Trail footage from counties of the west coast of southern Florida shows the animals struggling to walk. They appear to have no trouble using their front legs, but their hind legs crisscross and sometimes completely give out under their weight as they walk, causing them to stumble and struggle to continue walking. The video footage has shown eight panthers (mostly kittens) and an adult bobcat that appears to have the same condition.

“We have not seen anything like this in wild panthers or bobcats in Florida before,” said Florida Fish and Wildlife Conservation (FWC) spokeswoman Carli Segelson told Fort Myers News-Press in an email.

One panther and one bobcat that were tested showed positive signs of neurological damage.

Wildlife officials say the animals are struggling with “coordinating their back legs.”

“While we do not know what is causing the abnormal gait, possible causes include a variety of toxins and infectious diseases, many of which have been ruled out,” Segelson said. “The affected animals that we have had in hand have not had distemper.”
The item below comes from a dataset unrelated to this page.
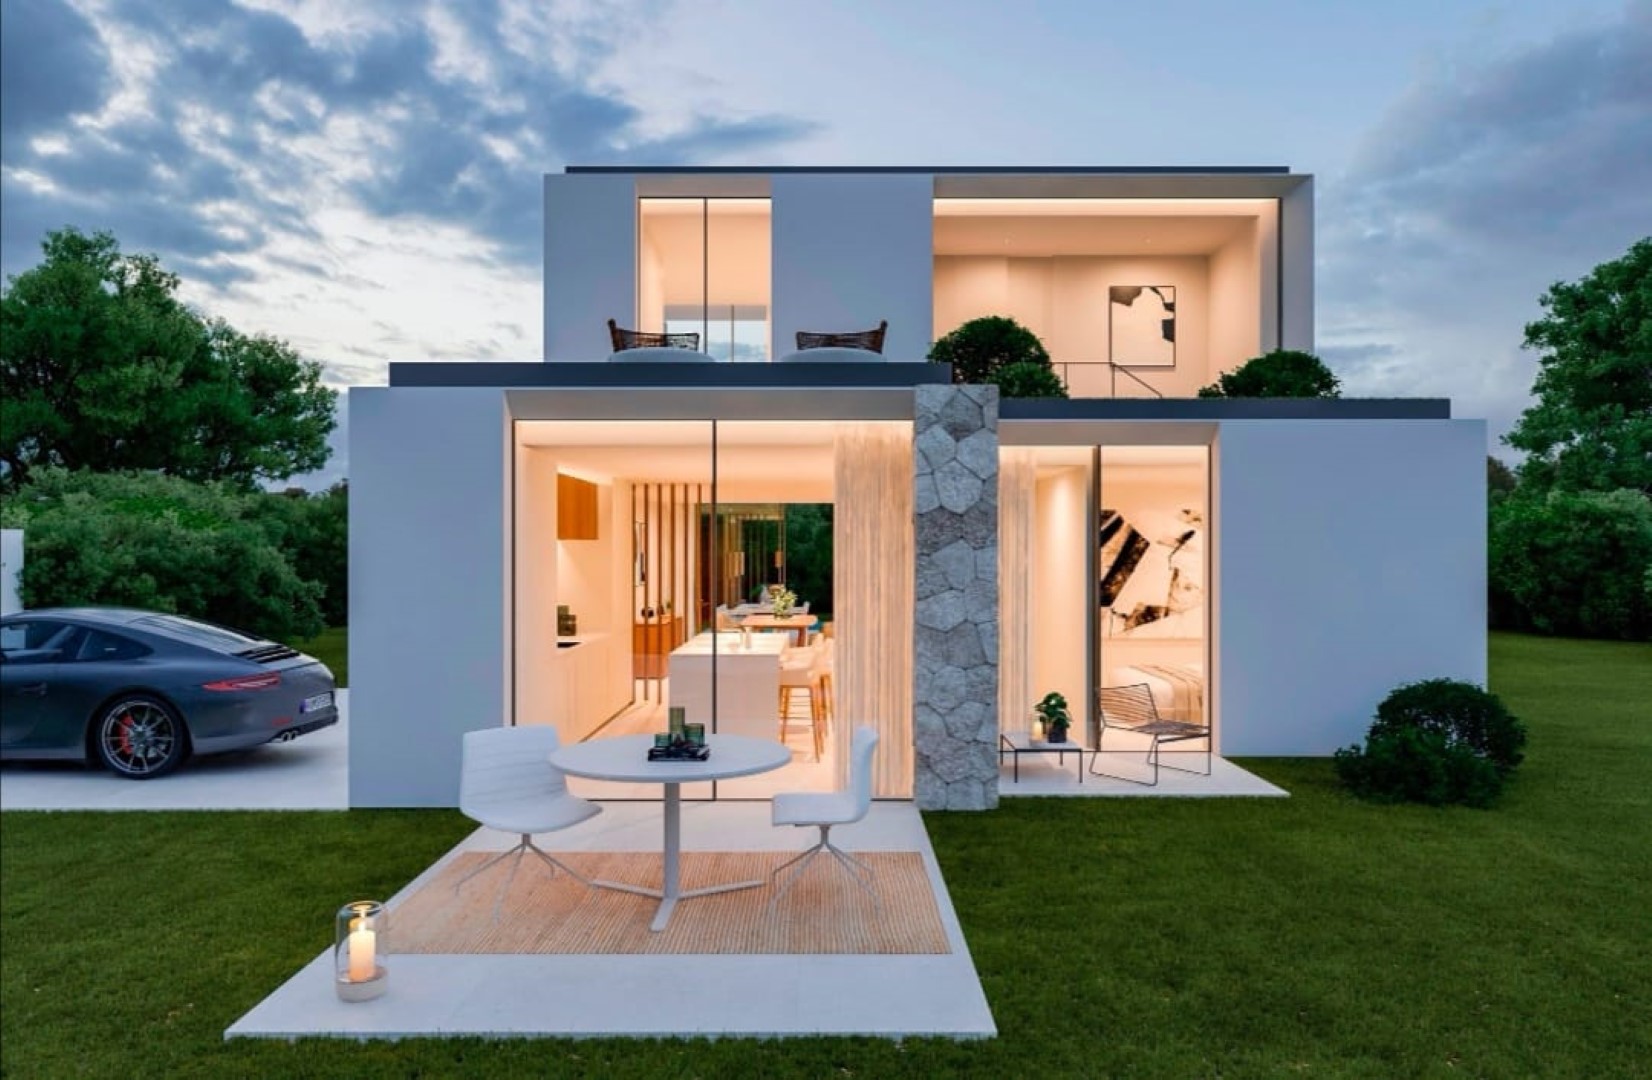 Modern new build villa for sale in Denia
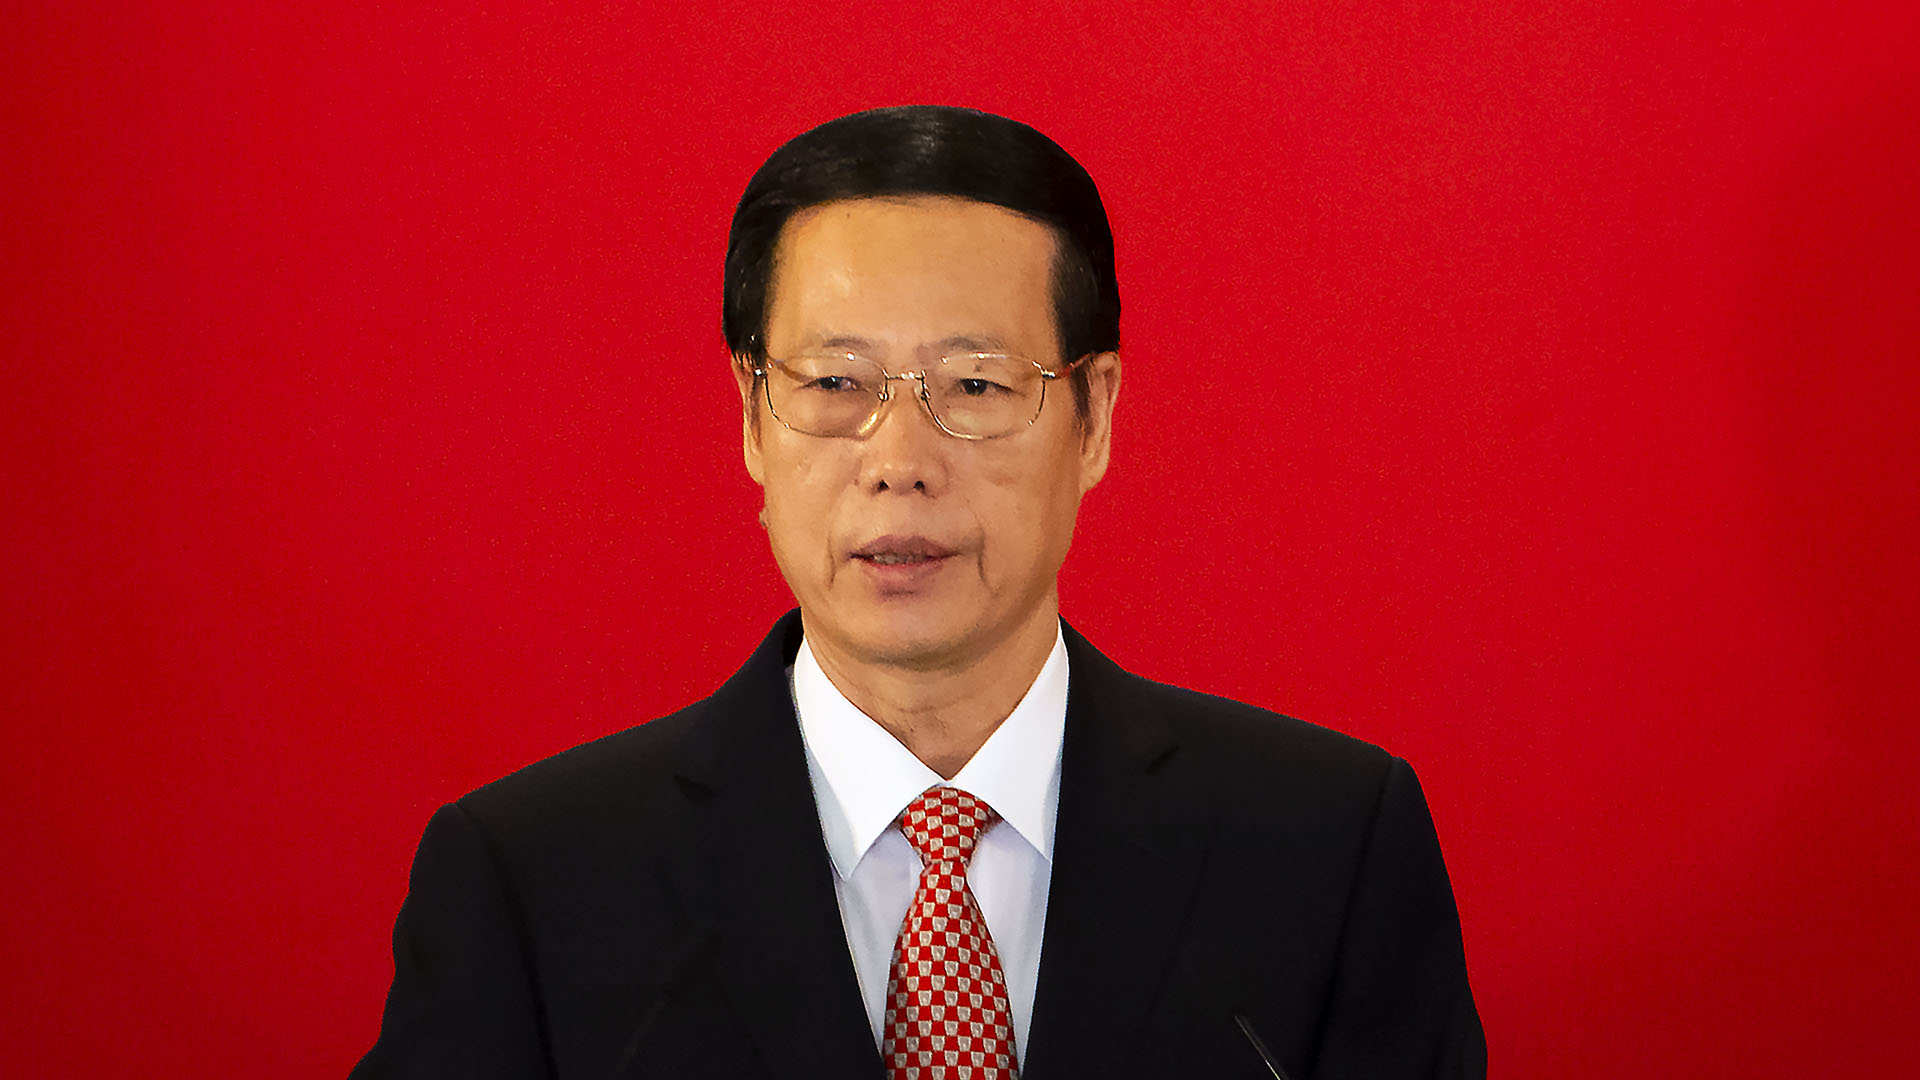 El ex Vice Premier chino Zhang Gaoli está acusado de haber forzado a Peng Shuai a tener sexo no consentido con él. En la fotografía, durante una cumbre en Beijing (AP)

Several videos of affected cats were collected from Lee, Collier, and Sarasota counties. FWC believes at least one cat in Charlotte is also suffering from the condition.

“The number of animals exhibiting these symptoms is relatively few; however, any disease or condition impacting multiple animals is cause for concern,” Segelson explained. “We are increasing monitoring efforts to determine the full scope of the issue.”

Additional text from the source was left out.